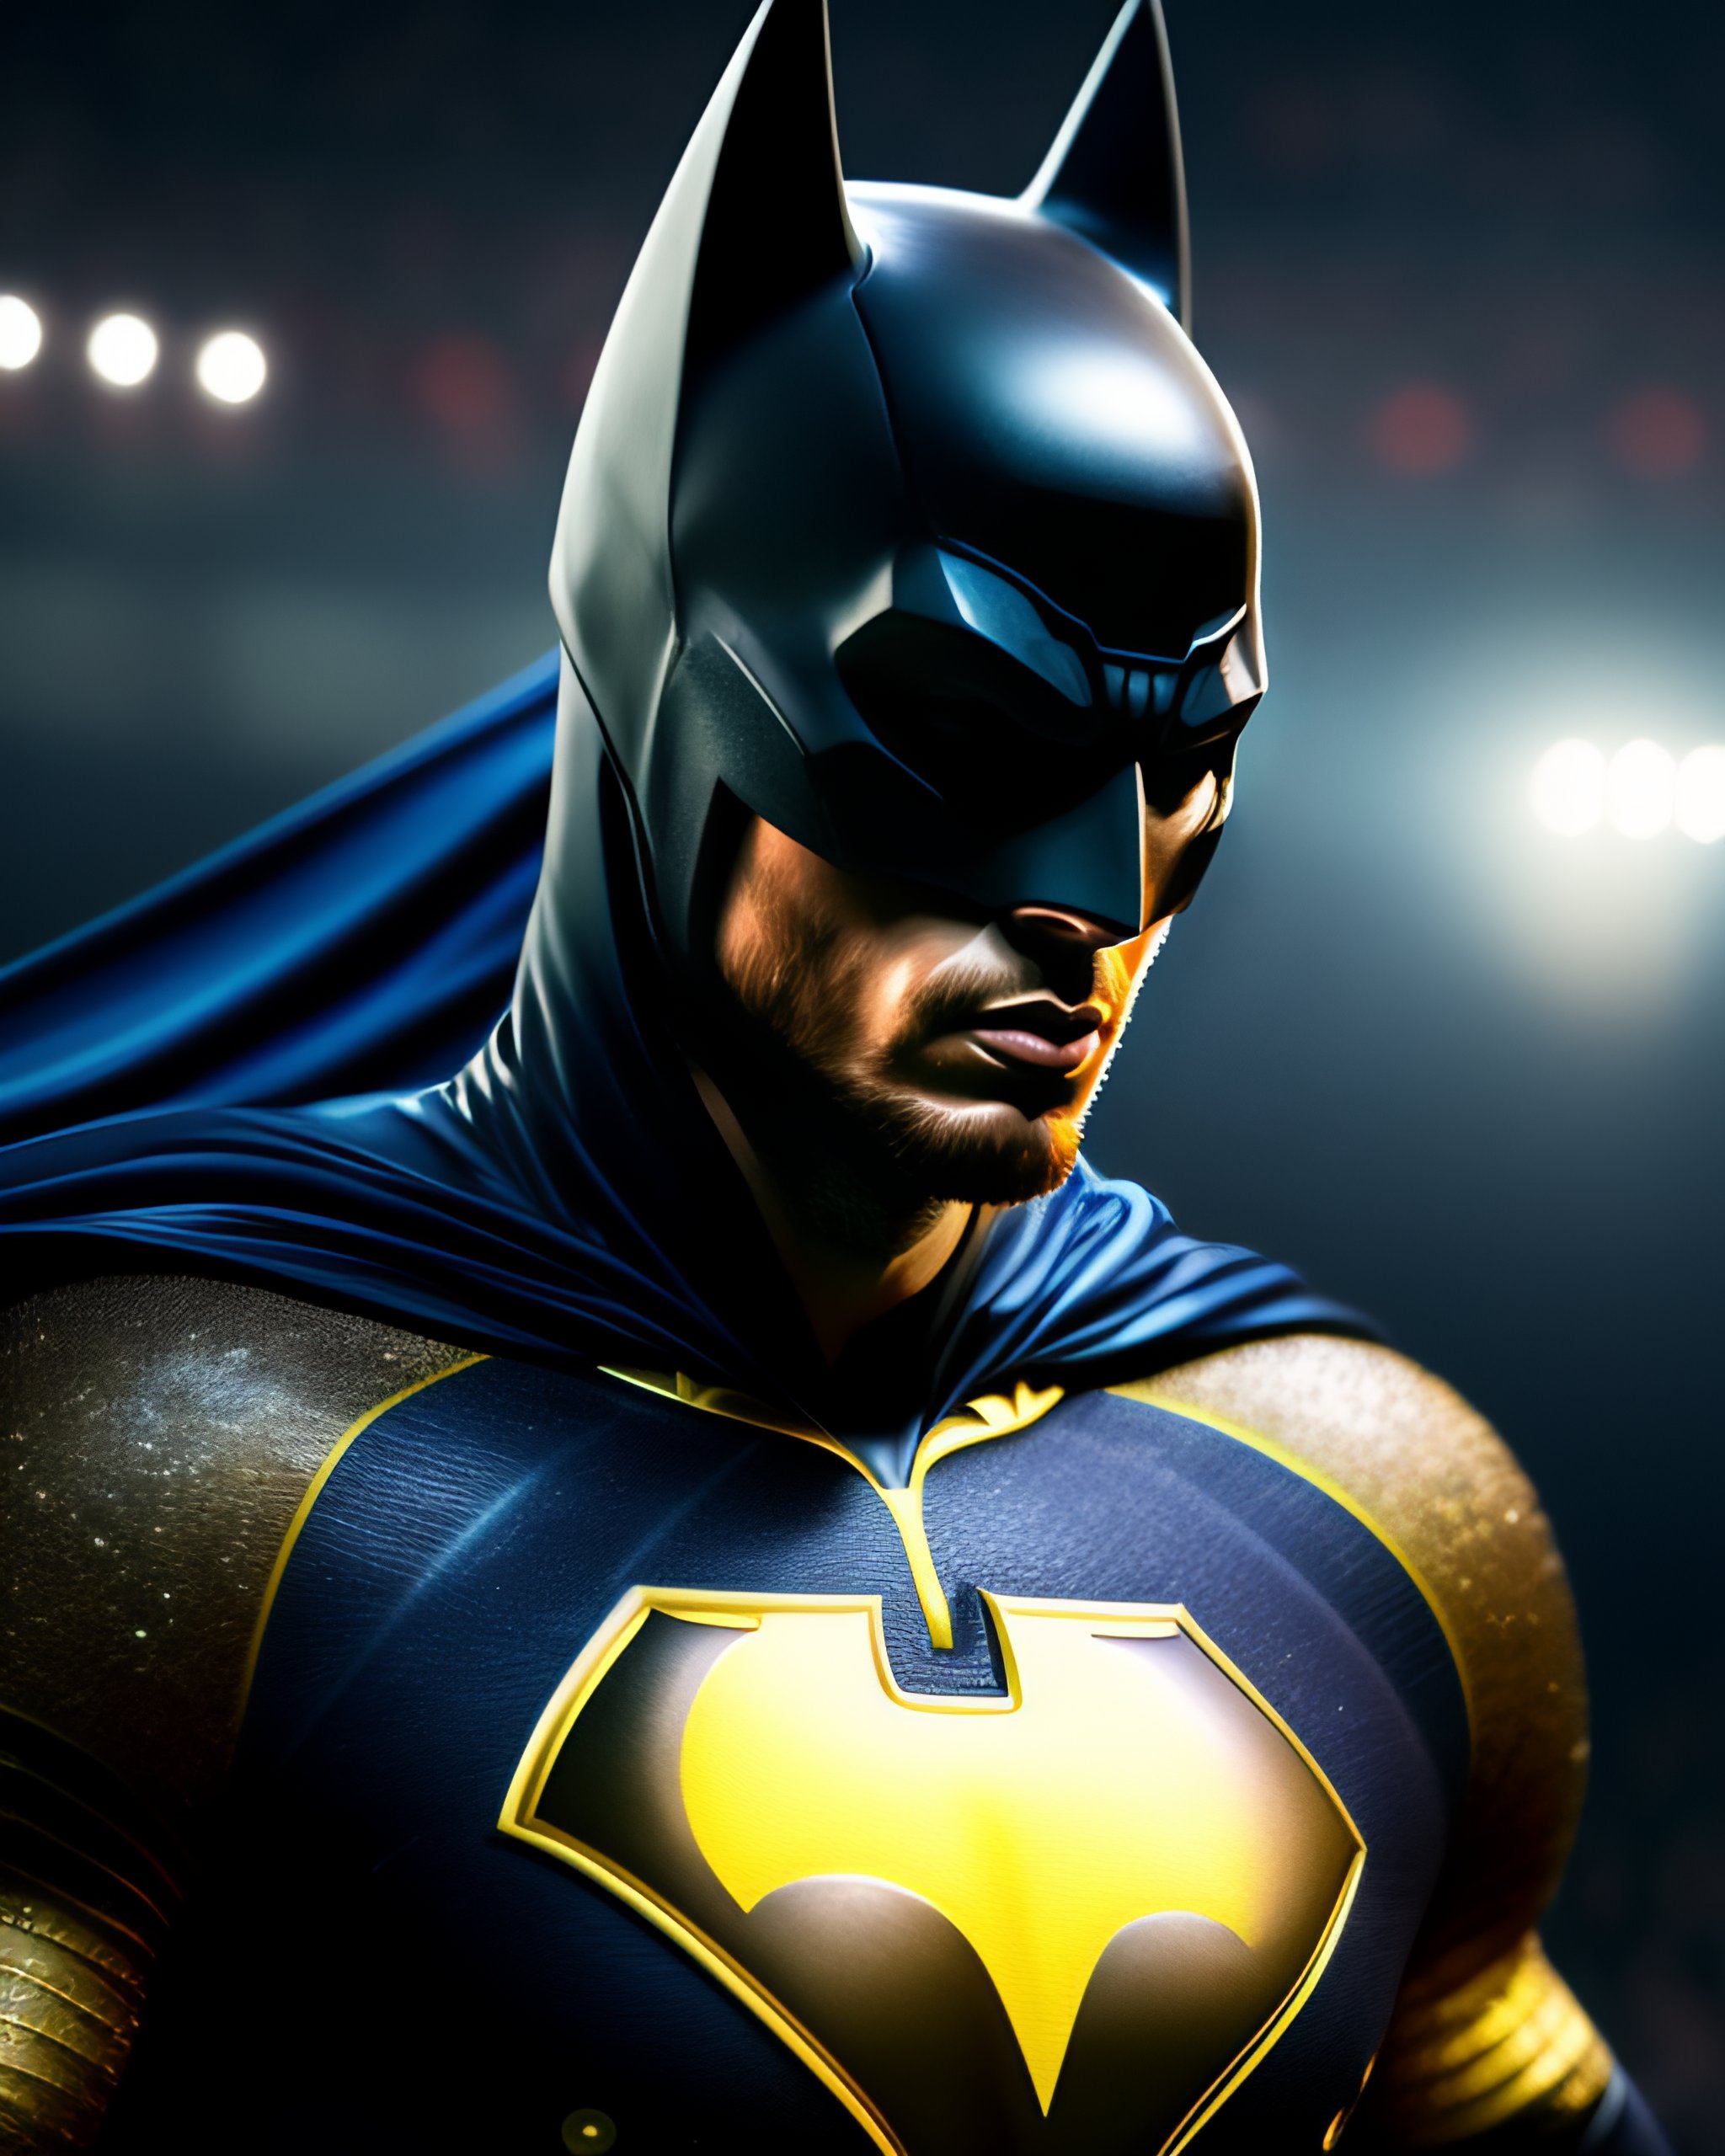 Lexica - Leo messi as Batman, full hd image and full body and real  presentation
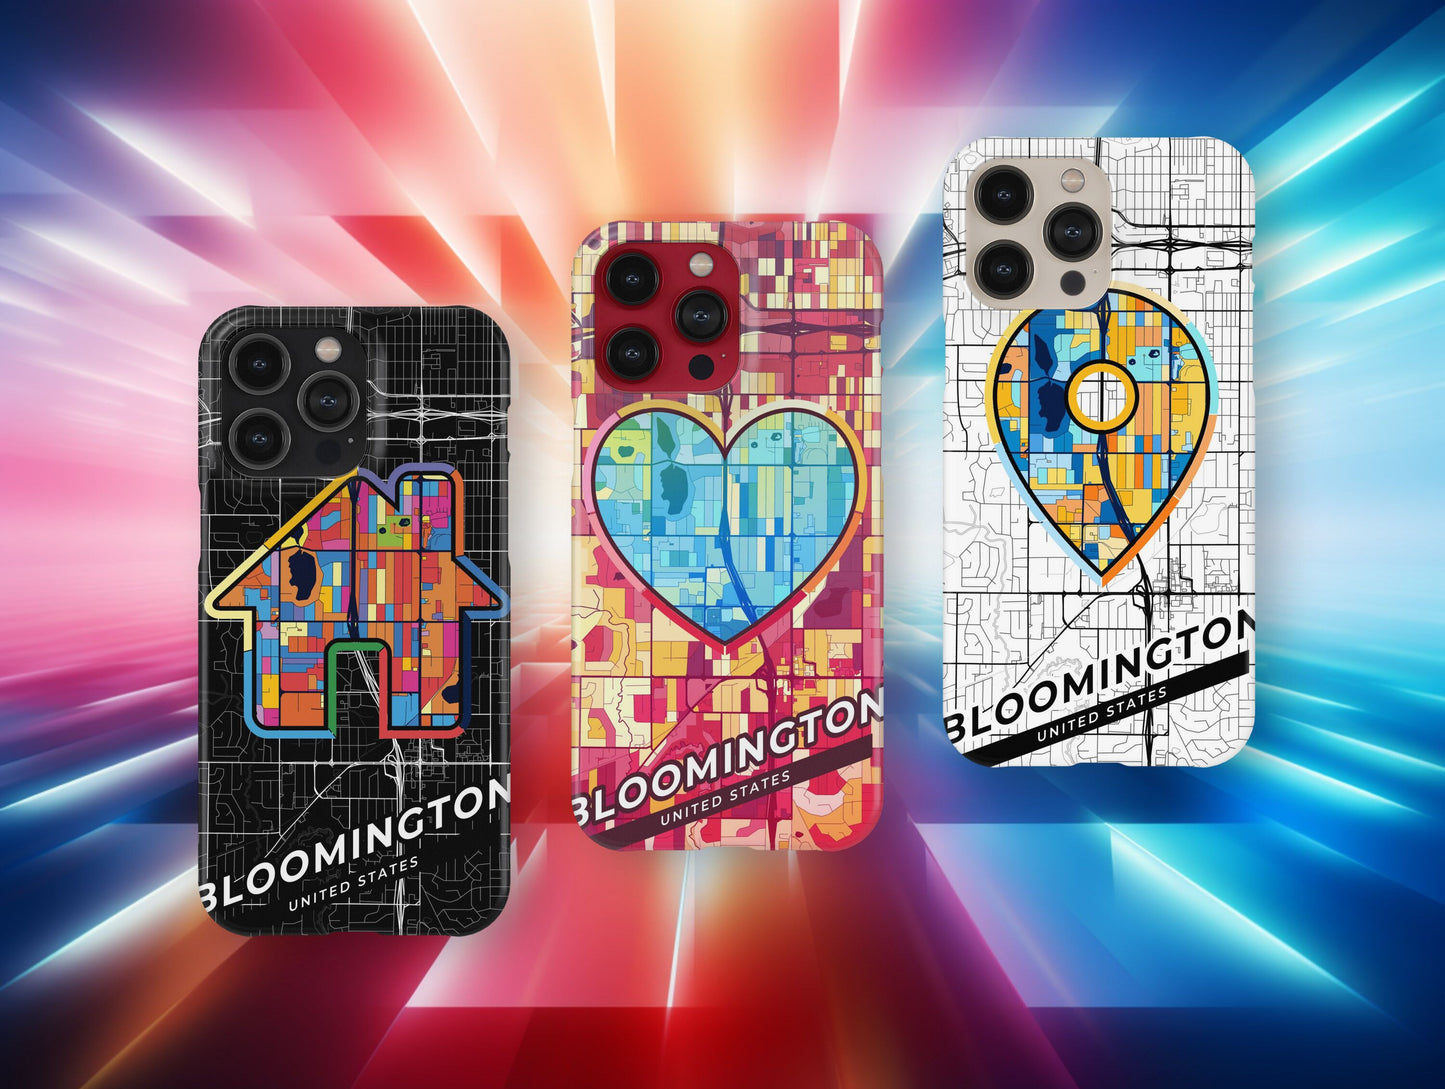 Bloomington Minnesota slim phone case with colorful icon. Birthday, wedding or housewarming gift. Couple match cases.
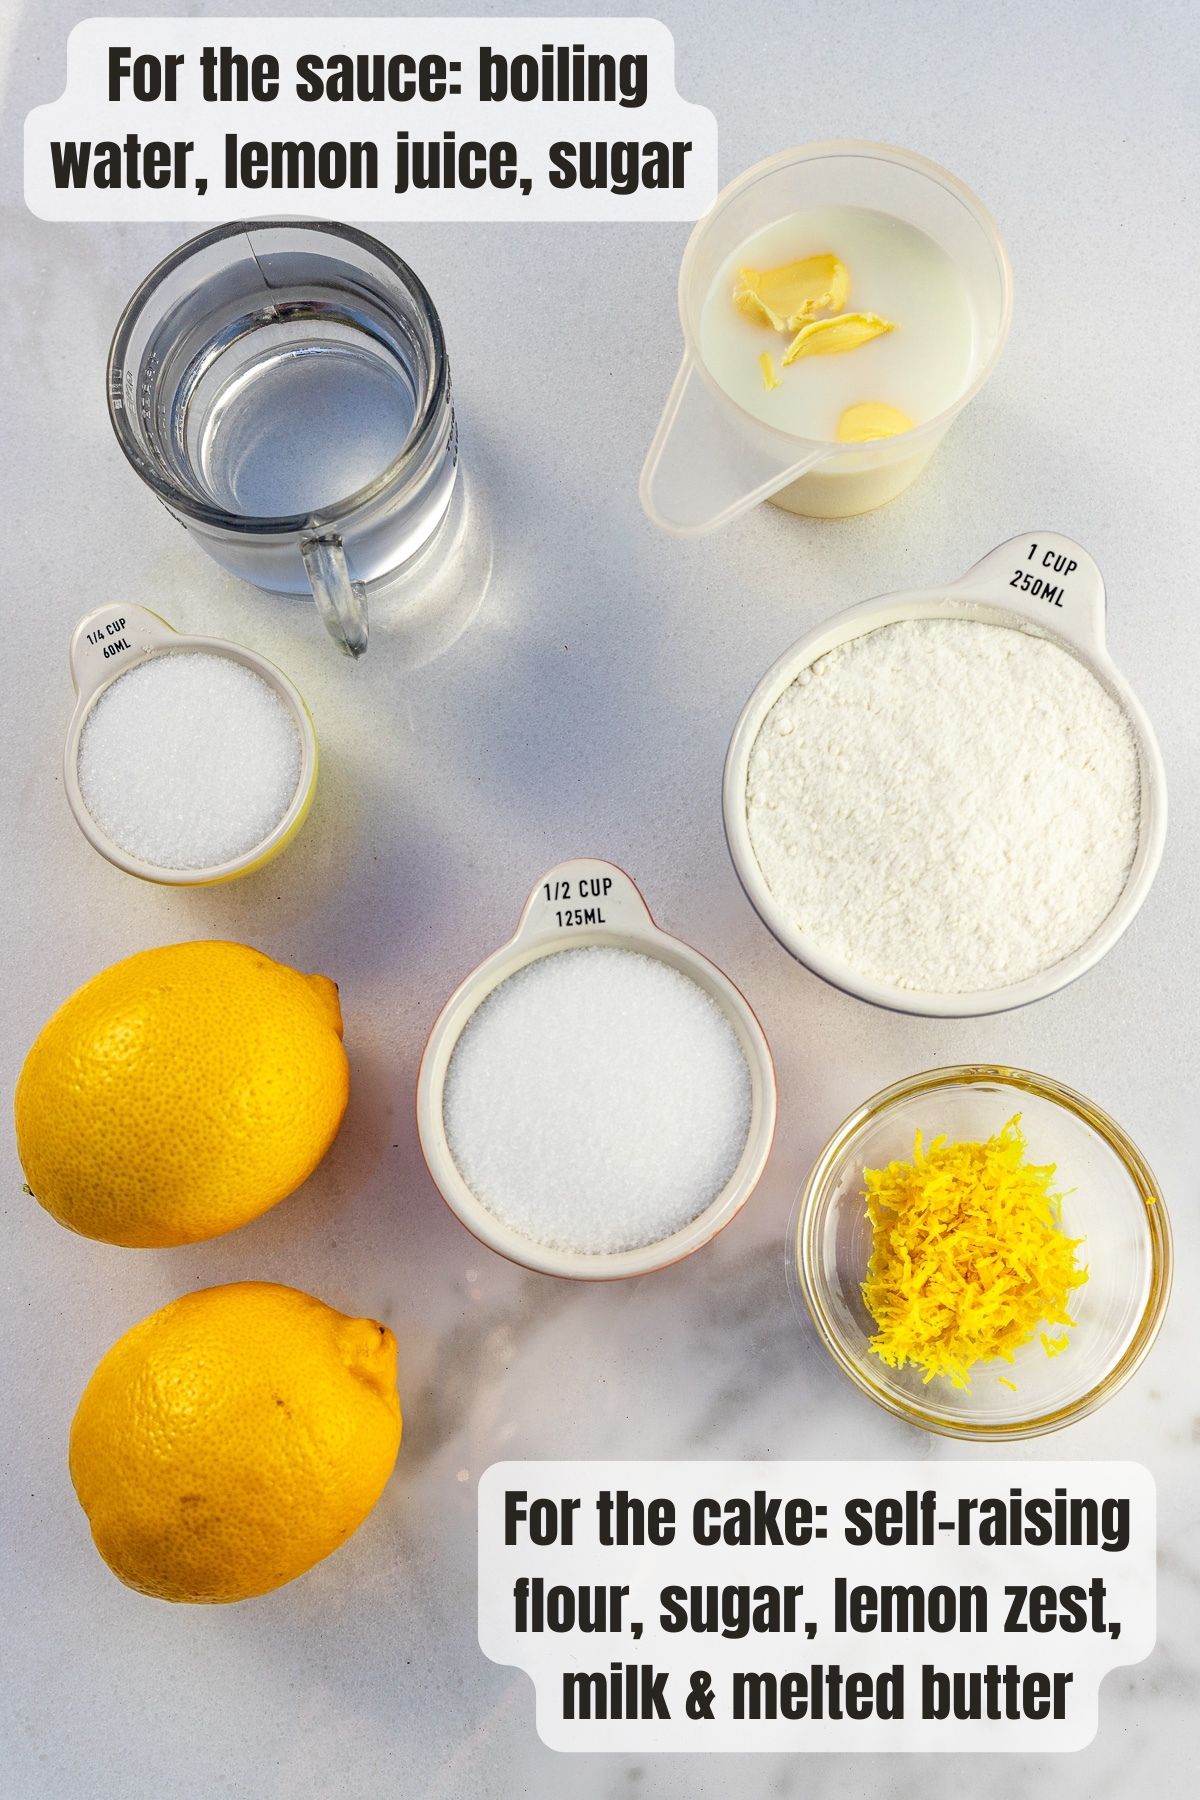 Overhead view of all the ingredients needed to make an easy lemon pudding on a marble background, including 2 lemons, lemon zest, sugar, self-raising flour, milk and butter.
---------------
■ **Work request**
Exact copy, no pictures: reproduce the whole listing above.

■ **Task answer**
 Lexica - Leo messi as Batman, full hd image and full body and real  presentation
 Bloomington Minnesota slim phone case with colorful icon. Birthday, wedding or housewarming gift. Couple match cases.
 Overhead view of all the ingredients needed to make an easy lemon pudding on a marble background, including 2 lemons, lemon zest, sugar, self-raising flour, milk and butter.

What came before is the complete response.